De ambient instrumental ‘For Dinner’, die de set inluidde, klonk opvallend beheerst en minimalistisch, maar ‘Breadcrumb Trail’, over een dag op de kermis in gezelschap van een waarzegster, imponeerde met zijn rijke, atonale, gitaarweefsels, no wave-verwijzingen, subtiel aangebrachte stroomversnellingen en zijn heldere klankbeeld, al verdween de gesproken tekst volledig in de muziek. In ‘Nosferatu Man’, geïnspireerd door een stille film van de Duitse expressionist F.W. Murnau, weerklonk een schreeuwerige zangpartij, die echter niet opgewassen bleek tegen het spel van melodieën en tegenmelodieën.

Schraapgeluiden

Het even broeierige als hypnotische ‘Washer’ was, ook in emotioneel opzicht, een hoogtepunt. Net als ‘Don, Alan’, waarin nu Britt Walford als zanger-gitarist naar voren trad. Hij zat oog in oog met Pajo, zoals twee acteurs die amen een filmsène spelen, en dreef het tempo dermate op dat de song in een verzengende climax eindigde. Tussendoor diepte Slint ook enkele nummers uit ‘Tweez’ op, waaronder ‘Darlene’ en het in feedback gedrenkte, knarsende ‘Ron’, zodat ook het hardcoreverleden van de groep weer even aan de oppervlakte kwam.

Sterker nog was ‘Glenn’, uit de postuum verschenen titelloze ep van het gezelschap. Het was een repetitieve, woordenloze compositie waarin de bassist het voortouw nam, de drummer met martiale ritmen goochelde en Pajo, die middels enkele pedaaltjes zijn gitaar als een cello deed klinken, intrigerende schraapgeluiden voortbracht. Uiteraard eindigde het concert met het pièce de résistance van de groep: het knagende ‘Good Morning Captain’, dat losjes gebaseerd was op ‘The Rime of the Ancient Mariner’ van de Engelse dichter Samuel Taylor Coleridge. De bissen waren voorbehouden aan ‘Pam’, een recent opgedoken overschotje dat deed denken aan Shellac, en het strak gespeelde maar rammelende ‘Rhoda’.

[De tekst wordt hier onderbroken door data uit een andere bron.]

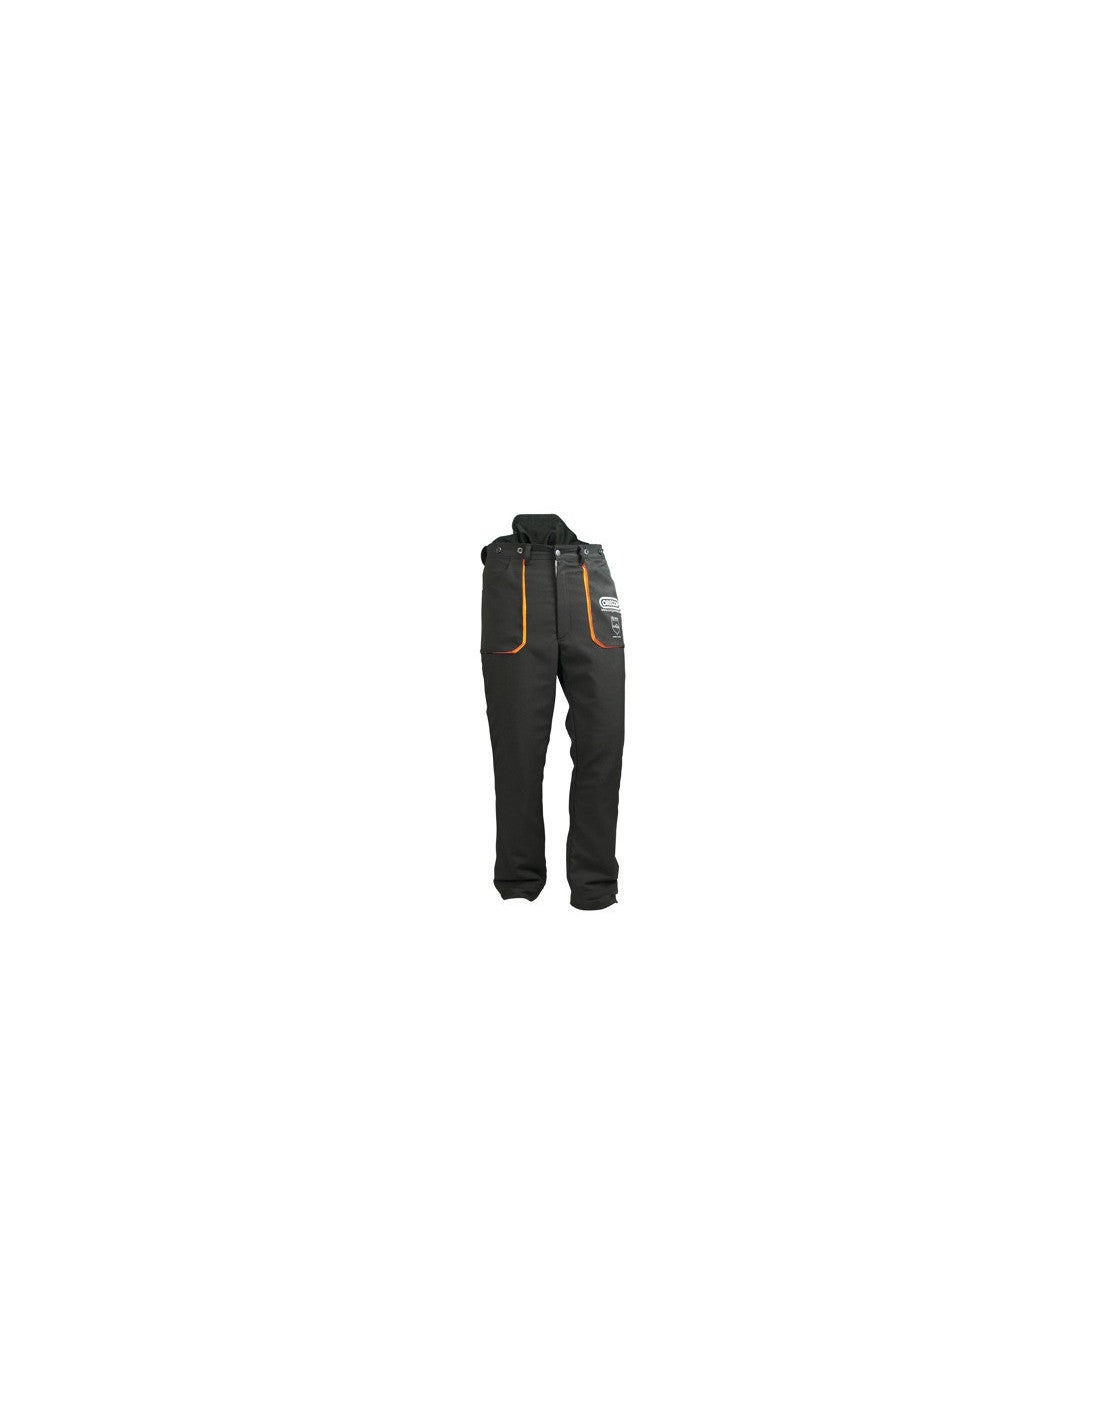 Oregon Scientific 295397 Pantalon de protection pour travail à la tronçonneuse Type C Taille L

De muziek van Slint klinkt ook anno 2014 nog altijd spannend en actueel en dank zij reünietournees als deze kunnen zelfs mensen die twintig jaar te laat zijn geboren er nog kennis mee maken. Dat is fijn. Maar tegelijk had het concert iets van een museumbezoek en stond je naar een band te kijken die het wel nog vermag zijn oude muziek in al haar glorie te reconstrueren, maar blijkbaar niet meer in staat is met iets nieuws voor de dag te komen. Hoort creativiteit niet net iets méér te zijn dan trefzekere reproductie? En dreigt Slint niet stilaan de Golden Years-attractie van de underground te worden? We laten het antwoord met plezier aan u over.

Dirk Steenhaut

DE SETIST: For Dinner / Breadcrumb Trail / Nosferatu Man / Darlene / Glenn / Washer / Don Aman / Ron / Good Morning Captain // Pam / Rhoda.